Now we have: Unicode, already 10 years in use, and CSV, in use for even a longer time, and Excel, being developed by the biggest corporation in the world during all that time. What could go wrong you wonder?
Well.. Excel can and mostly always goes wrong.
The problem - Excel DOESN'T KNOW how to import Unicode UTF-8 CSV files! It just doesn't know about Unicode when it comes to CSV import! Absolutely unbelievable. More than that - if you use non-Japanese version of MS Office (I use English version) - you can't even export Japanese-language Excel document to CSV file!
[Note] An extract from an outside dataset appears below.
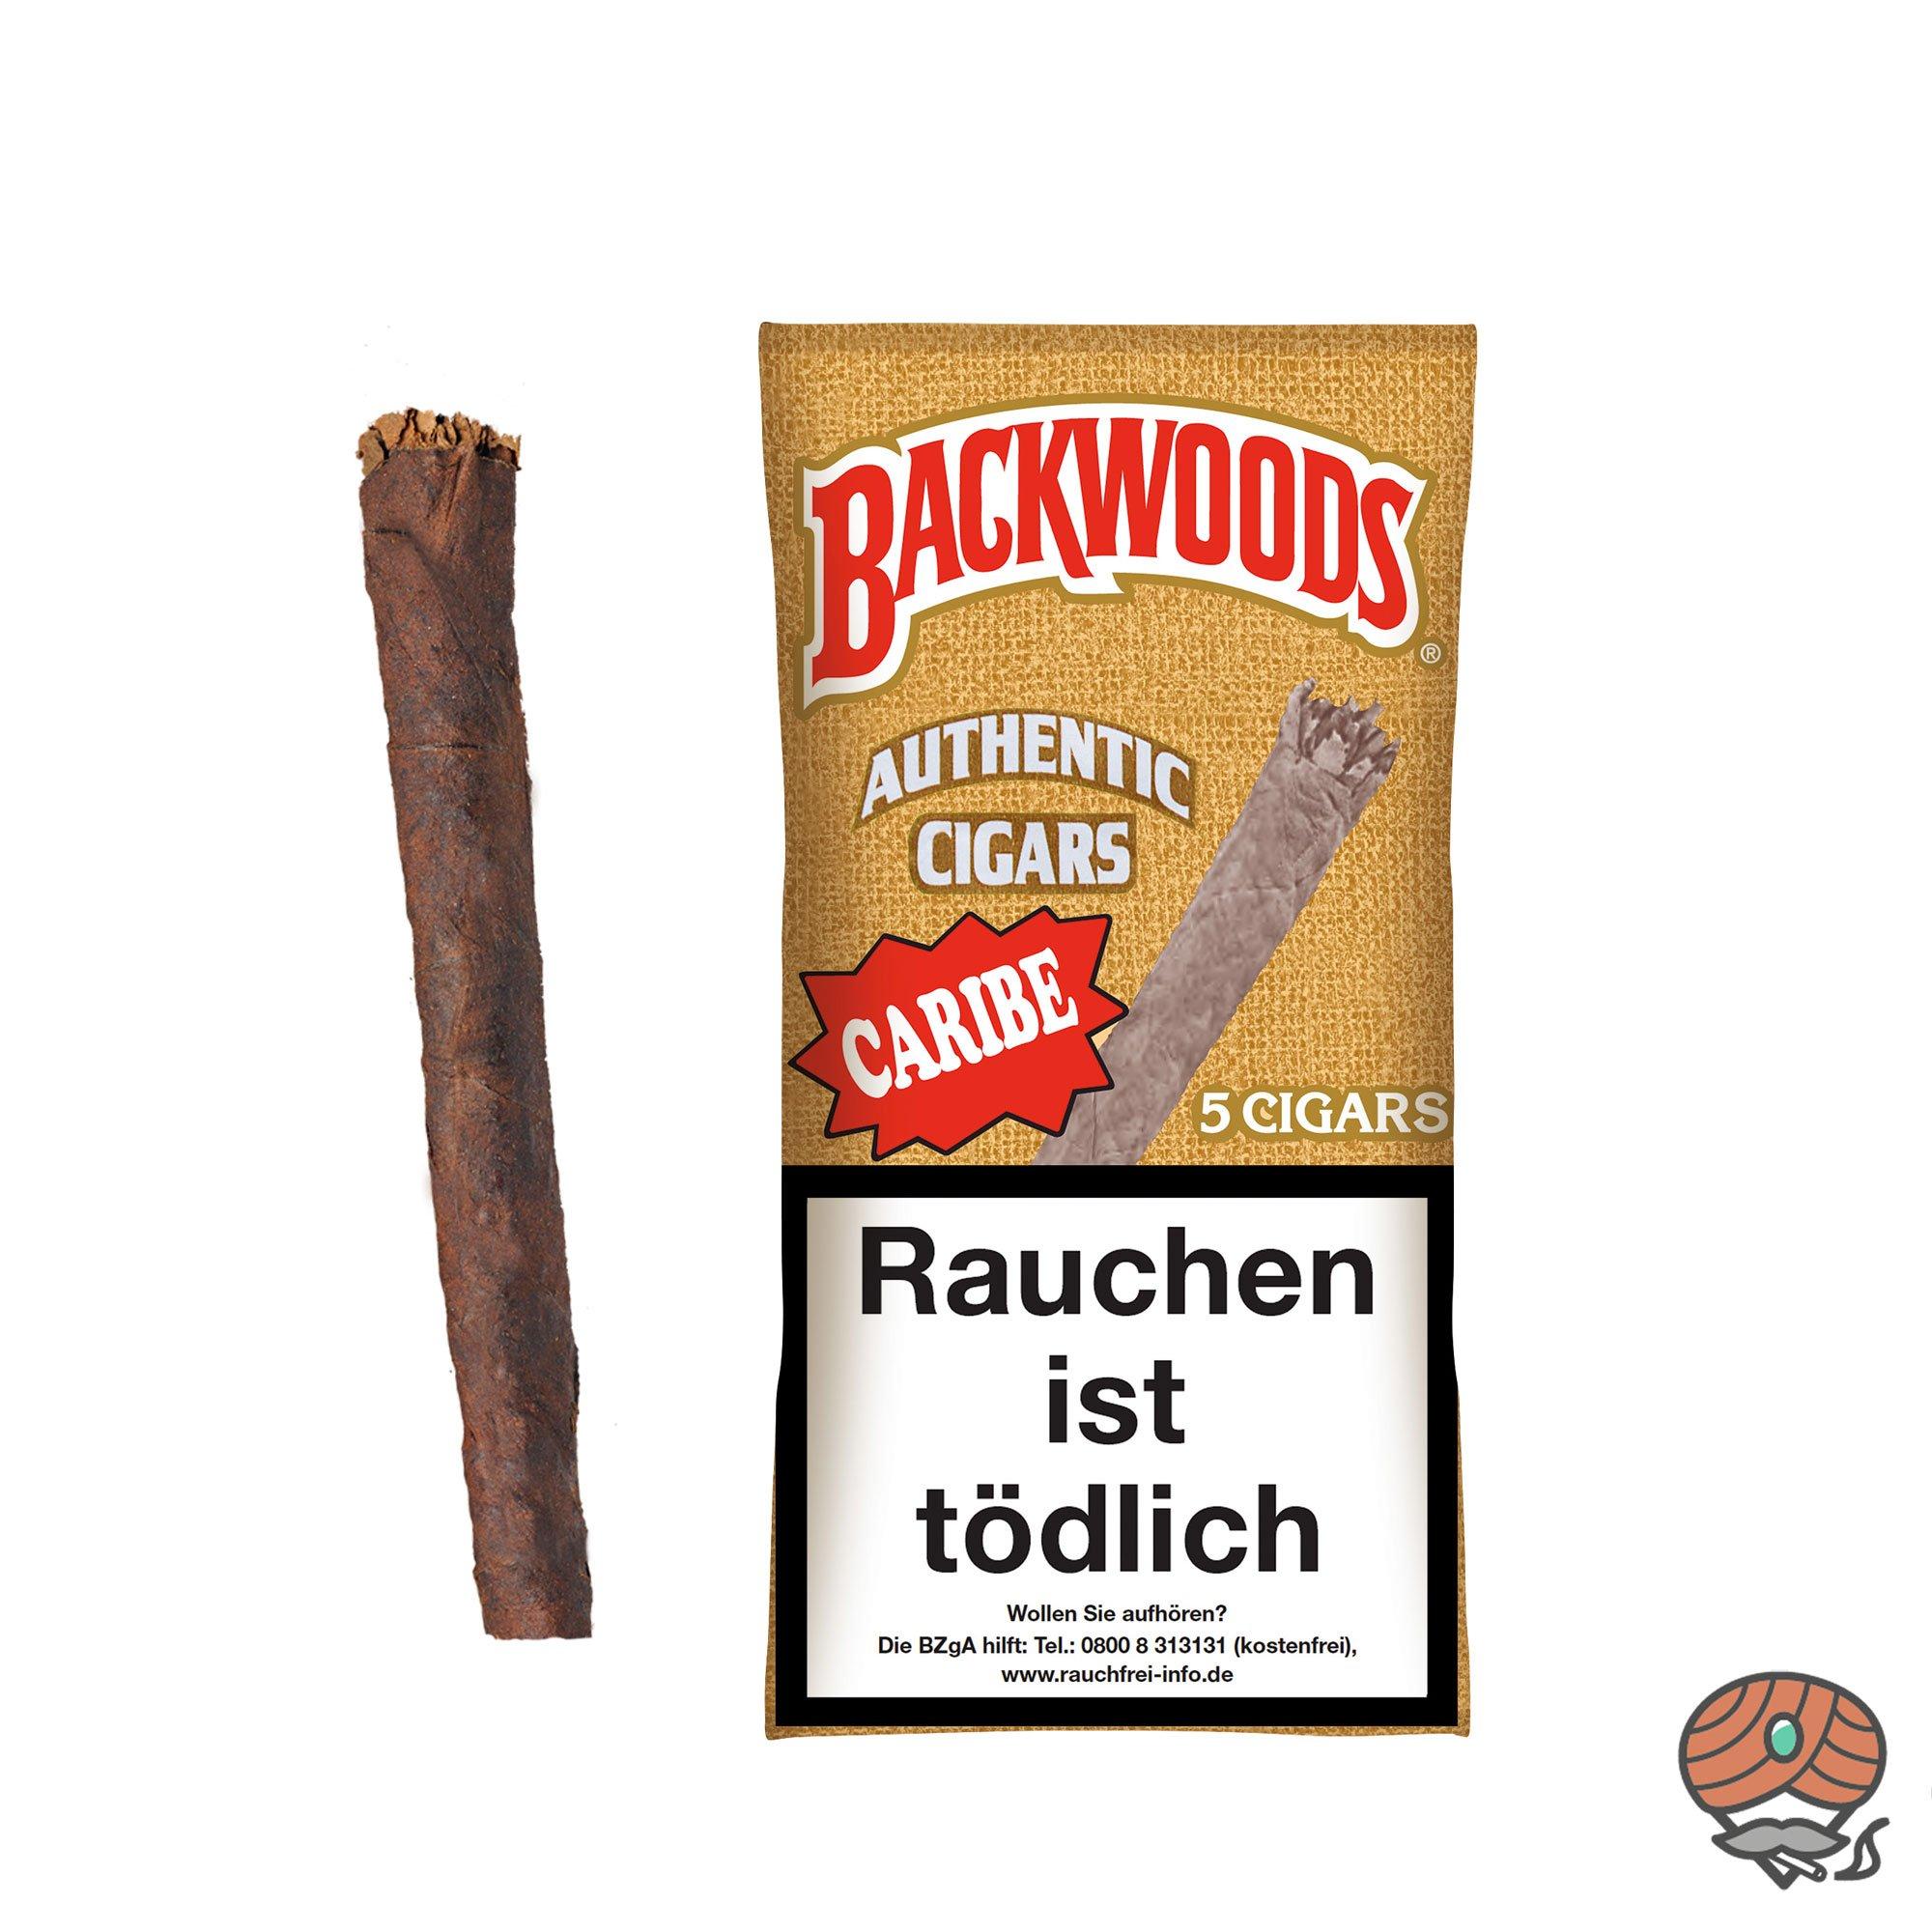 Backwoods Caribe Authentic Cigars 5 Stück 100% Tabak im Humipack
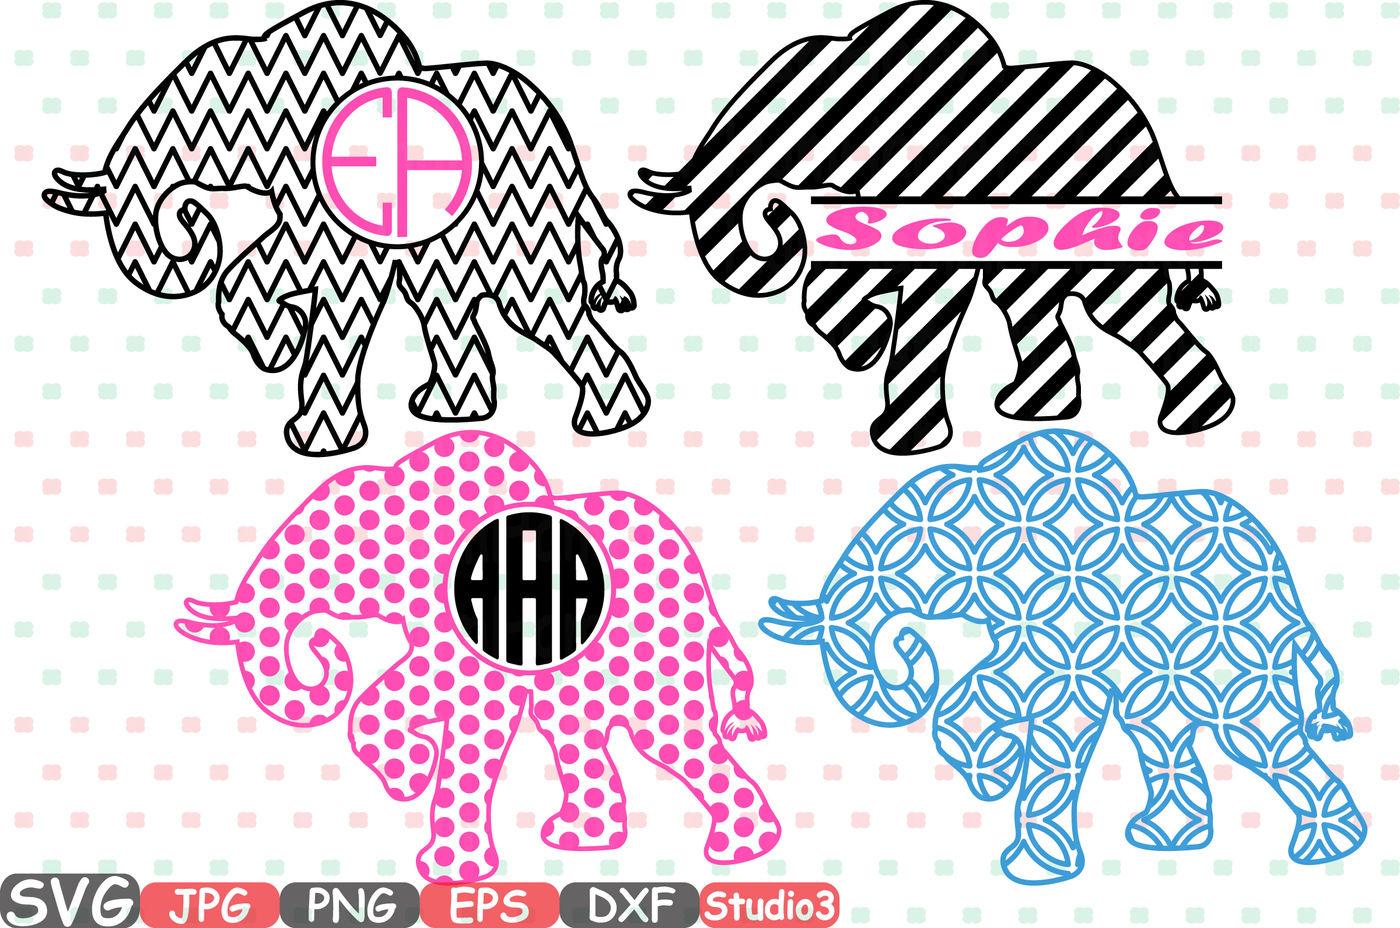 Elephant Frames Svg Silhouette Cutting Files Cricut Design Split

All Japanese characters will be converted to underscores.
The solution.
It took me several hours of googling, but I finally brought all the pieces together and here is what you need to do to create Excel-readable CSV with Japanese characters in it:
- When creating CSV, you must use the ShiftJIS encoding and Windows line-breaks \r\n
- In order to read the created CSV file you must use Japanese version of MS Office
And no, you can't test everything works as it should on non-Japanese version of MS Office. There's just no support for ShiftJIS there!
Of course you can use OpenOffice which read Unicode (and any other encoded)-CSV files without a problem. It doesn't work good on Mac, but is pretty nice on Windows.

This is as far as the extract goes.